## To do
Could you reproduce the lines below from the one with "Donmatias, Antioquia, Colombia: Cowboy" through the one with "Ist gerade Stromausfall"? Keep both ends and add nothing.

## Task material
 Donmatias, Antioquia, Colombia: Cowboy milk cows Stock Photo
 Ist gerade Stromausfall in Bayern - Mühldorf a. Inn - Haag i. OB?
* * *
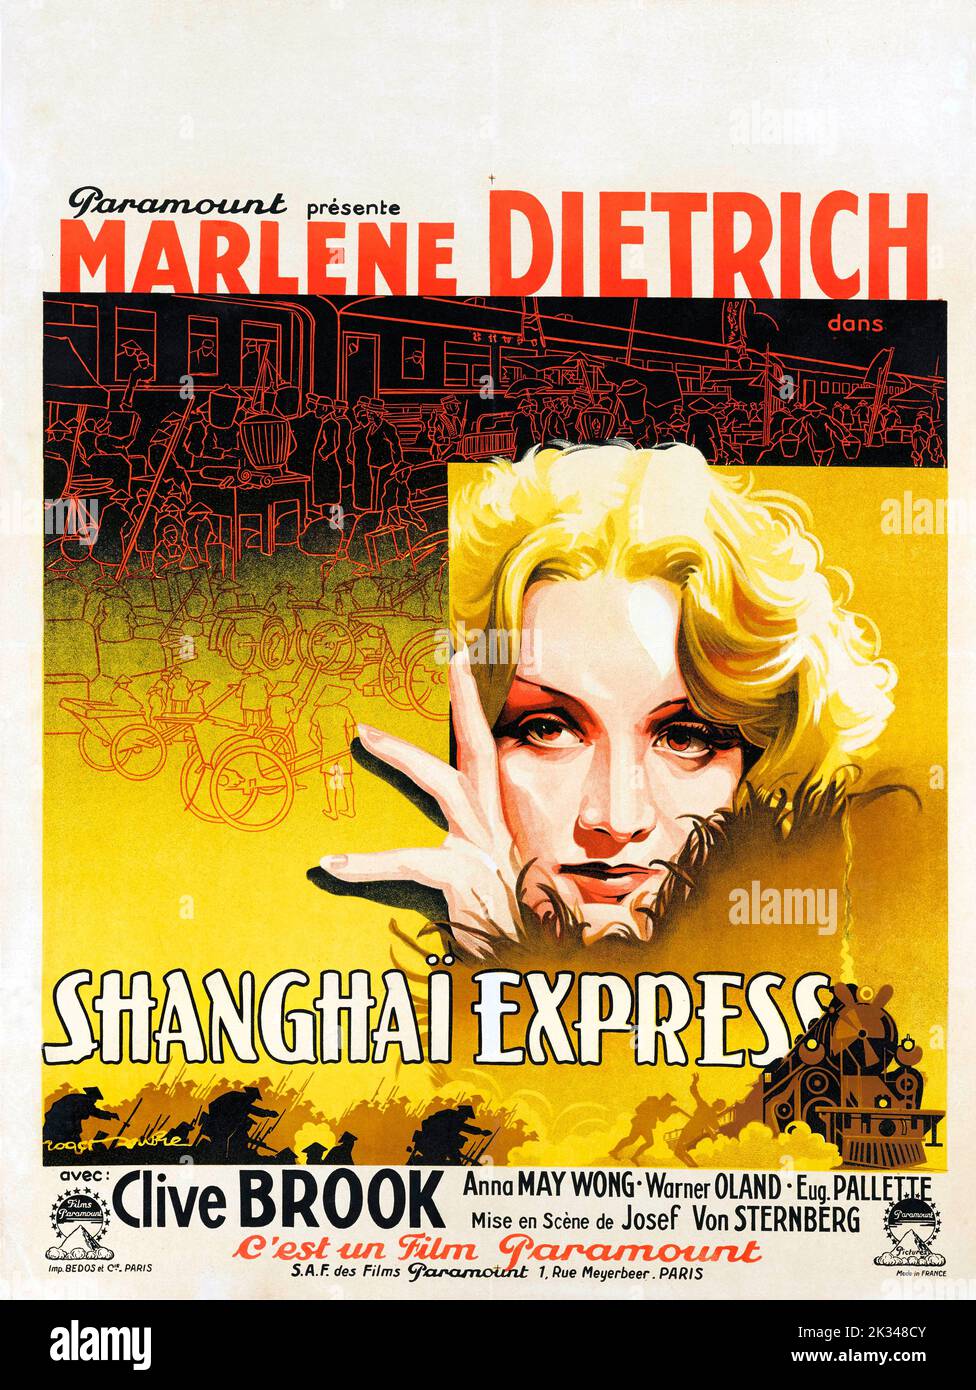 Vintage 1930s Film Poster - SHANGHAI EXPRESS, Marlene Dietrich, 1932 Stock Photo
==
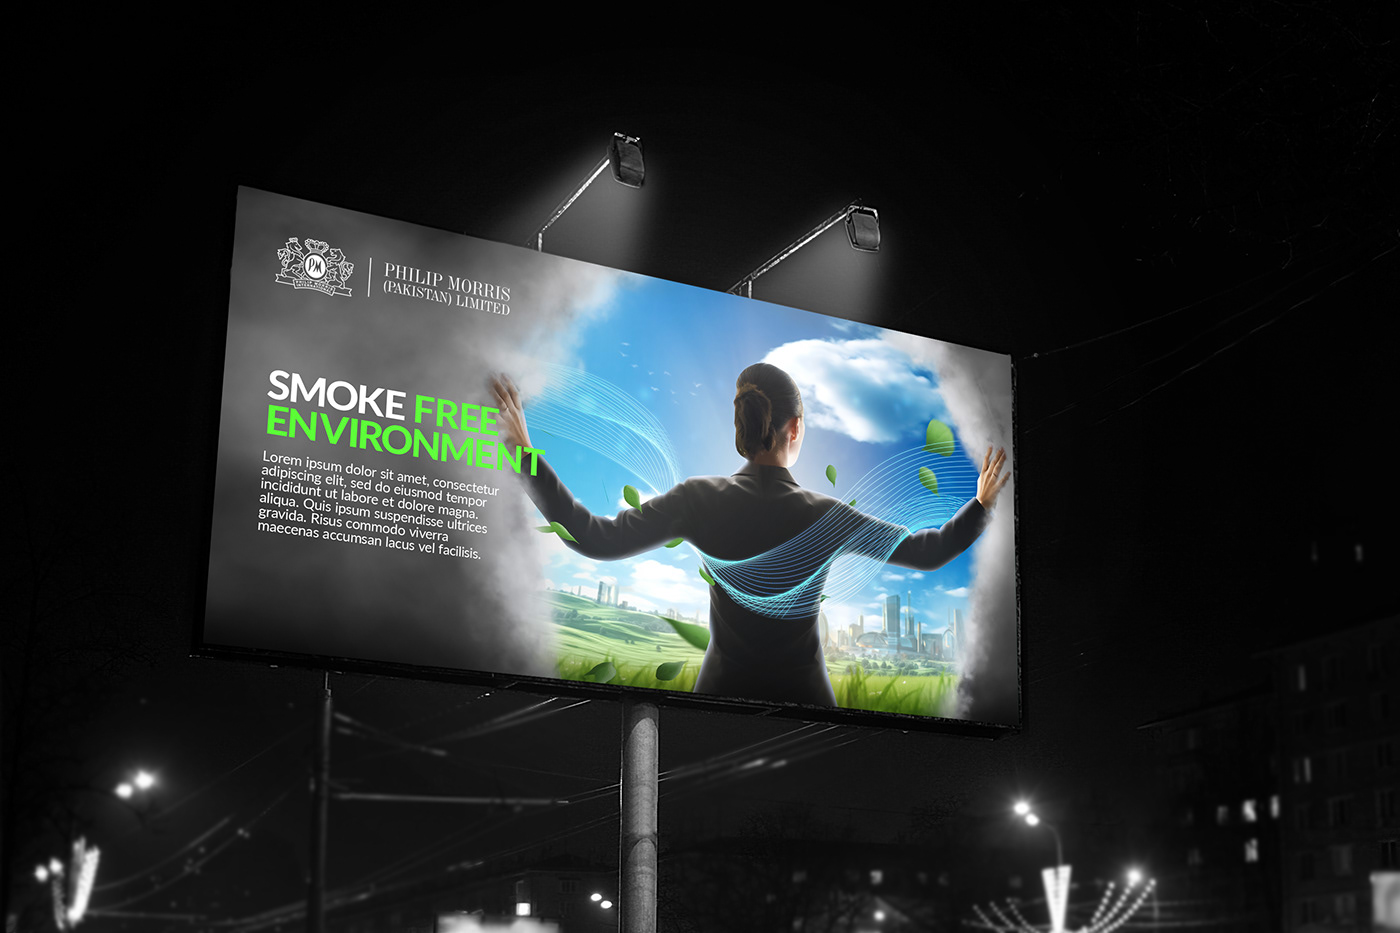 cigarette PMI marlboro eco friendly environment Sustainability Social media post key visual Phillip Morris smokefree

## Response below
 Donmatias, Antioquia, Colombia: Cowboy milk cows Stock Photo
 Ist gerade Stromausfall in Bayern - Mühldorf a. Inn - Haag i. OB?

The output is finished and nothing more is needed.